Родина моя

Юрий Семёнович Манаков
               Примечательно, что эту запись я веду на высоте более двух тысяч метров над уровнем моря, лёжа на животе в трепещущейся от порывов ветра палатке. Выше нас, за грядой россыпей, клочковатых полосок увядающего тундрового ягеля и замшелых валунов-морен, стекающих отовсюду в так называемый цирк – кратерообразное плато, громоздятся базальтовые цепи величественных скал, в слоях гранита и кварца. Кое-где по выположенным склонам топорщатся из каменных нагромождений пучки и букеты карликовых лиственниц и пихт, кедрового стланика.

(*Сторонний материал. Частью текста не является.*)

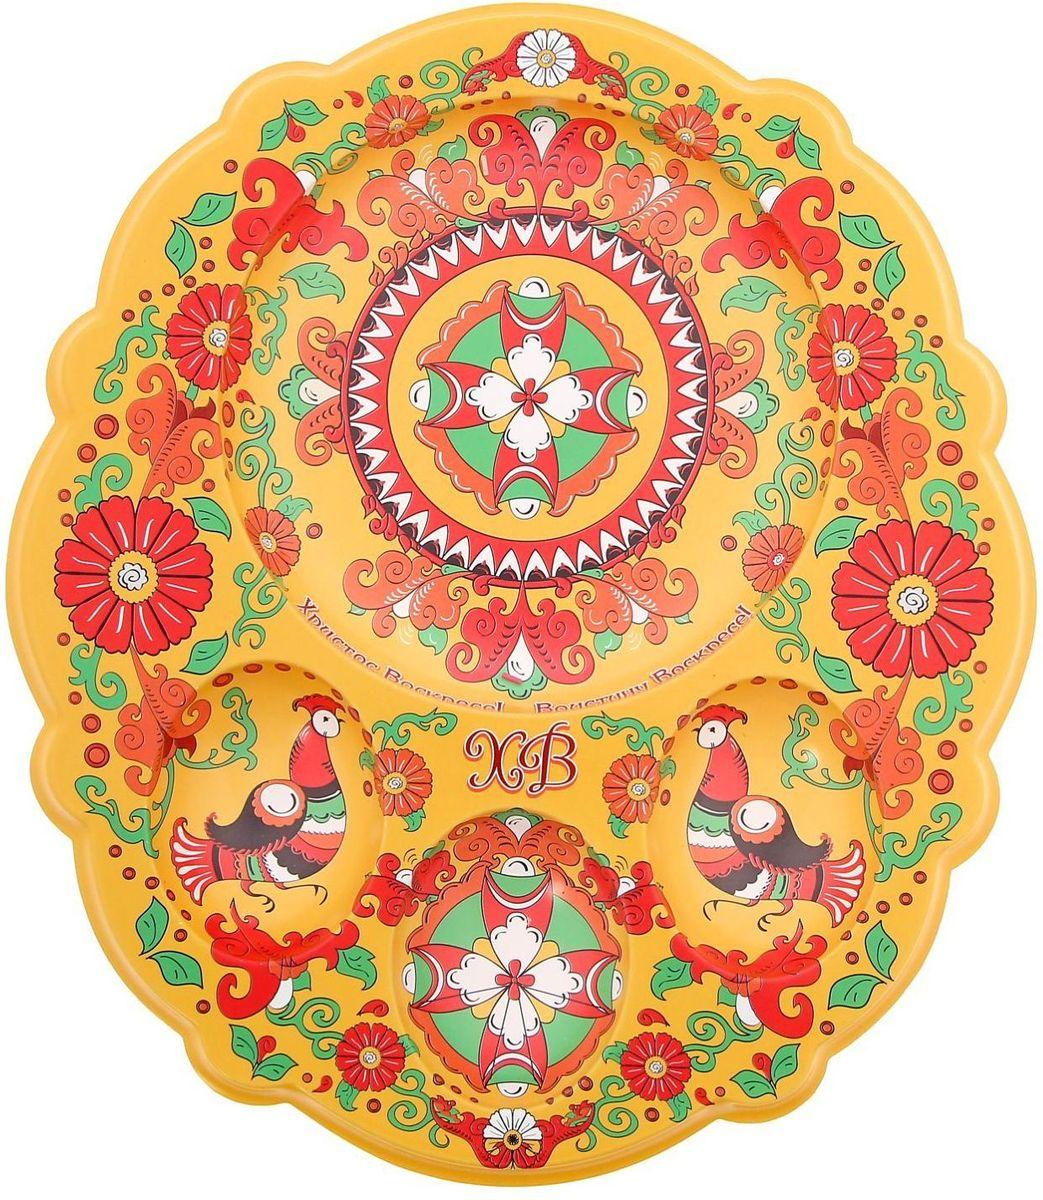 Подставка пасхальная, на 3 яйца и кулич, 19 х 22 см. 12530871253087Пасхальная подставка для 3 яйц и кулича изготовлена из качественного пластика, в центре имеется яркая вставка. Аксессуар станет достойным украшением праздничного стола, создаст радостное настроение и наполнит пространство вашего дома благостной энергией на весь год вперёд. Подставка будет ценным памятным подарком для родных, друзей и коллег. Радости, добра и света вам и вашим близким!

Вчера, после того как под расщеплённым молнией кедром мы разбили наш лагерь, и в сторонке, на месте старого костровища, сообразили свой костерок и вскипятили чай со смородиновыми листьями, черникой и баданом-чагыром, отдыхая и оглядывая окрестные скалы, все трое одновременно увидели мы вёрткого соболька. Он грациозно прыгал с камня на камень, покуда не миновал всю россыпь, что простёрлась гигантской, шершавой, в мозолистых буграх, ладонью метрах в пятнадцати ниже нашей палатки. На нас чёрный с блестящим отливом зверек даже и не глянул. А вот пищуха-сеноставка, что выскочила из расколотого скальника мне навстречу, когда я собирал кедровую щепу, лишь на несколько секунд застыла свечой и тут же проворно юркнула под плиту.
     Сюда, наверх, мы взбирались по тропинке, петляющей встречь руслу горной речки Колотушки. Название любопытное, но разгадывается очень даже легко: речка делит надвое могучий кедровый лес, начинающийся от подножия Ивановского белка и добирающийся своим массивом до альпийских цирков и террас у подошвы пиков Трёх Братьев. И каждому, кто хоть однажды заготавливал кедровые орехи, известно каким способом оббивают спелые шишки с высоченных крон и разлапистых веток: колотят специально сработанной увесистой дубиной, и кедровые плоды сыплются вниз как горох. Только успевай собирать да ссыпать в мешки и оттуда уже в барабан для ошелушивания. Хорош этот процесс за разговором ночью у костра под августовским звёздным небом!
      Нынешний год тоже урожайный. По пути наверх, на тропинке нам попадались комья спрессованных скорлупок кедрового ореха – последствия медвежьего обеда. Проходя через заросли спелой красной смородины - кислицы мы отметили, что и здесь побывал косолапый: кусты помяты и подраны, лакомясь, рясные кисти бордовых ягод зверь как бы сдаивал с веток себе в пасть. Что-то осталось и на нашу долю. Мы, сбросив рюкзаки, тоже попотчевали себя терпко-сладкой кислицей.
Милая ты моя родина! Бесчисленное количество раз карабкался я по крутым каменистым тропам и скалистым гребням к твоим вершинам, на которых по бокам огромными белыми заплатами отблескивают и в самые жаркие летние месяцы снежники-ледники. Удивительней всего здесь побывать в начале сентября. Тогда всего на каких-то пяти-шести метрах ты увидишь и зиму, и весну, и лето, и осень на оттаявших полосках. Ты стоишь на твёрдом насте ледника, в метре от него, на вытаявшей земле, лазоревые колокольцы кандыков и белые лепестки подснежников; ещё пониже полыхают оранжевые бутоны жарков и роскошные багровые букеты марьиных корений; дальше вниз колышутся на тонких длинных стеблях лиловые семенные коробочки  маральего корня и увядшие жёлтые соцветья золотого корня. А по распадкам, ущельям и лесистым седёлкам такое неописуемое буйство цветов и красок, что всякое сравнение, даже самое изощрённое, здесь будет неполным и бледным. Это просто надо видеть, именно живым глазом видеть, потому как и фотография, и видеосъёмка не умеют передать яркую палитру и трепетную теплоту угасающей алтайской природы, которая напоследок выплёскивает в мир, на престол синего бездонного неба всё самое яркое, щедрое, лучшее.
         И это, поверьте мне, запоминается и, мало того, долгой сибирской, морозной порой не только согревает твоё сердце, но и определяет цель: непременно еще хоть разок подняться в эти изумительные места и напитаться здесь животворной и праведной силой.